Who says gardens are boring in Winter?
Many English gardens look amazing all year round because they have a good green architecture as the backbone of the garden. You only have to think of the solid yew hedges in many large country gardens used to divide the garden into ‘rooms’. Places such as Hidcote, the Arts and Crafts garden near Chipping Campden, typifies this style of design.
Topiary is used extensively to create that much needed winter structure, the most common plants used are Box (Buxus) and Yew (Taxus) – shaped into balls, cones, or many other inventive shapes. Levens Hall in Cumbria is the finest, oldest and most extensive topiary garden in the world with over 100 pieces clipped to unusual designs. Since the onset of box blight some alternatives are now being used such as Ilex Crenata.
So think structure….
Bamboo is one of those plants that people fear because it is invasive but it is lush, evergreen, architectural and gives both movement and sound which few other plants except grasses can. It is also fast growing. Bamboo is defined by how the rhizomes grow: either runners and clump-formers. The runners are more difficult to control as their underground rhizomes will always try to spread. These include Sasa, Pleioblastus, Sasaella and Phyllostachys.

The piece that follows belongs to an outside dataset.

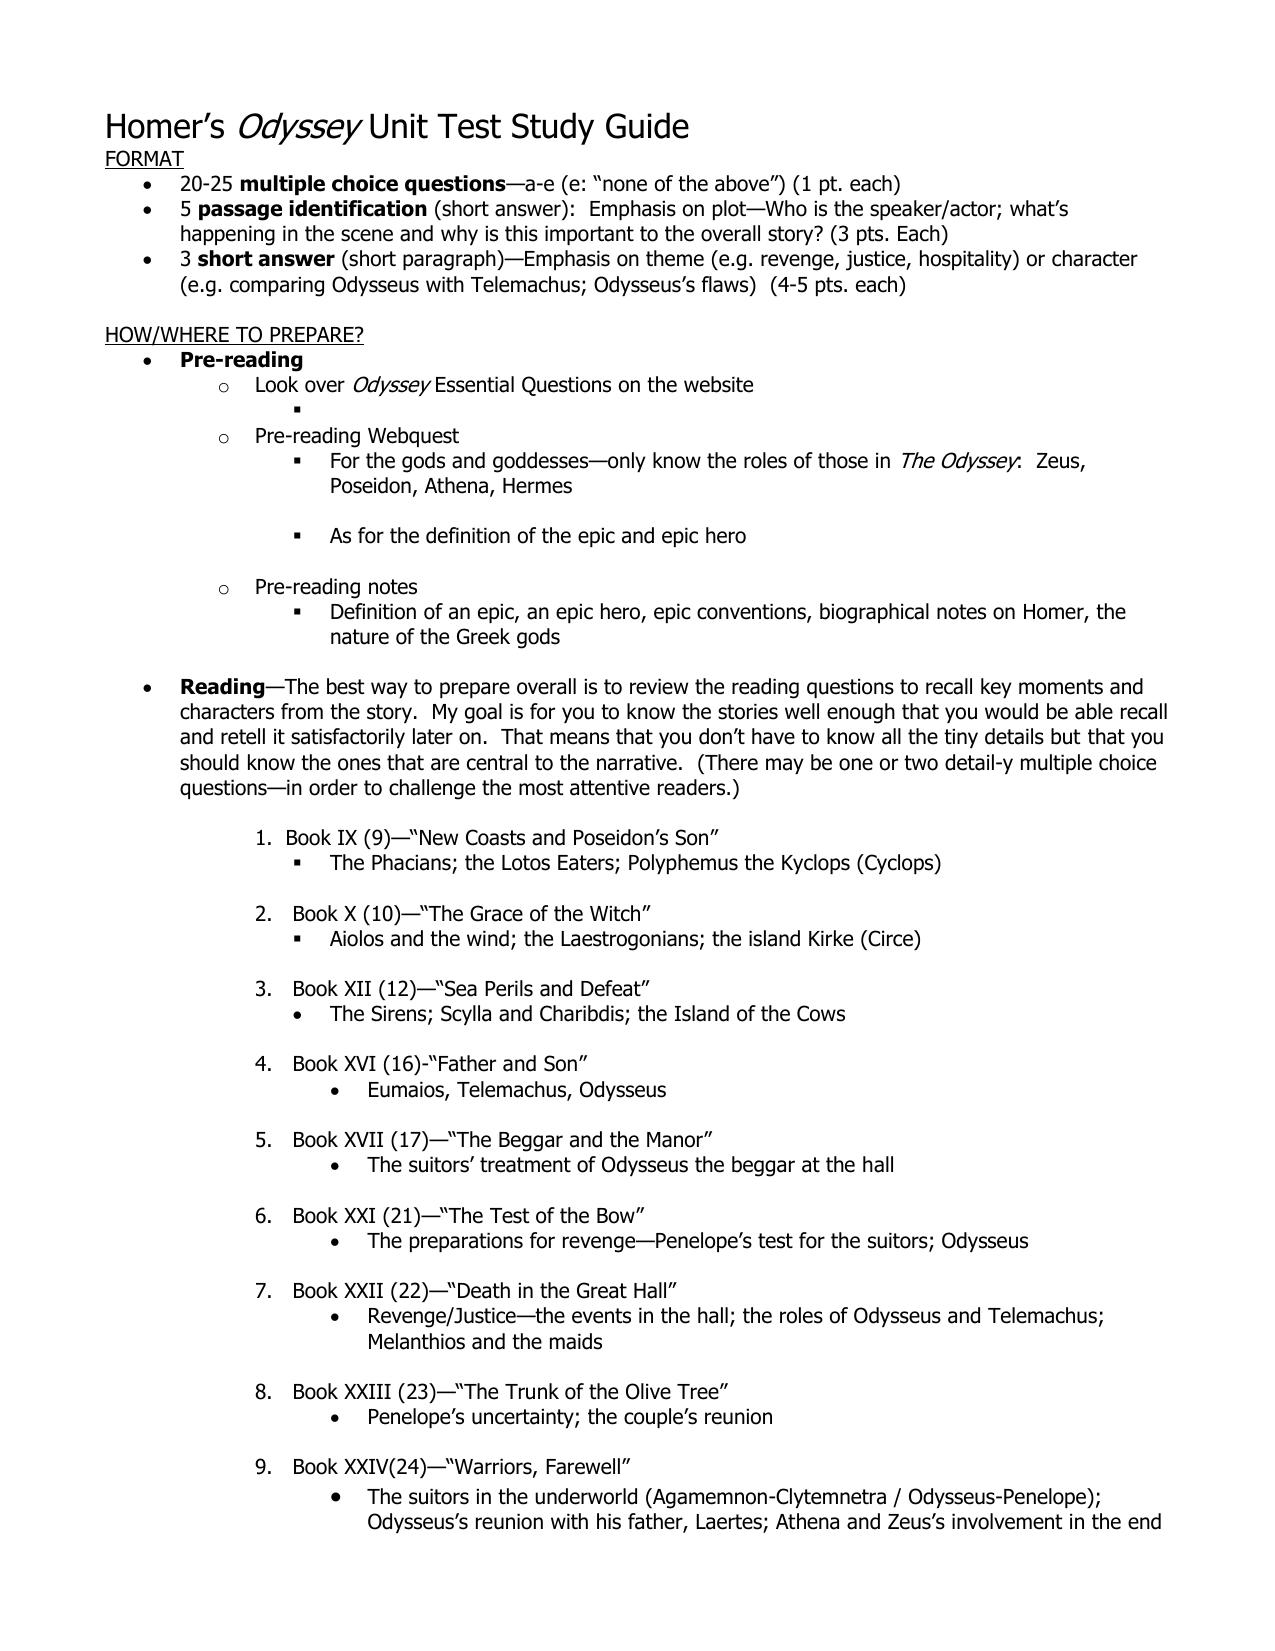 homer s odyssey unit test study guide rh studylib net The Odyssey Character Chart The Odyssey Book

Clump-forming bamboos tend not to be invasive and include Fargesia, Bambusa and Chusquea. If you chose to plant an invasive variety you will need to surround it with root barriers.
The colour of the cane can vary from the black Phyllostachys nigra, the yellow Phyllostachys aurea or the lime green Phyllostachys viridiglaucescens. Most bamboo likes sun but Fargesia is particularly good where sunlight is limited.
For ideas visit the Bamboo Garden at Kew or the Bamboo Labyrinth at Alnwick in Northumberland.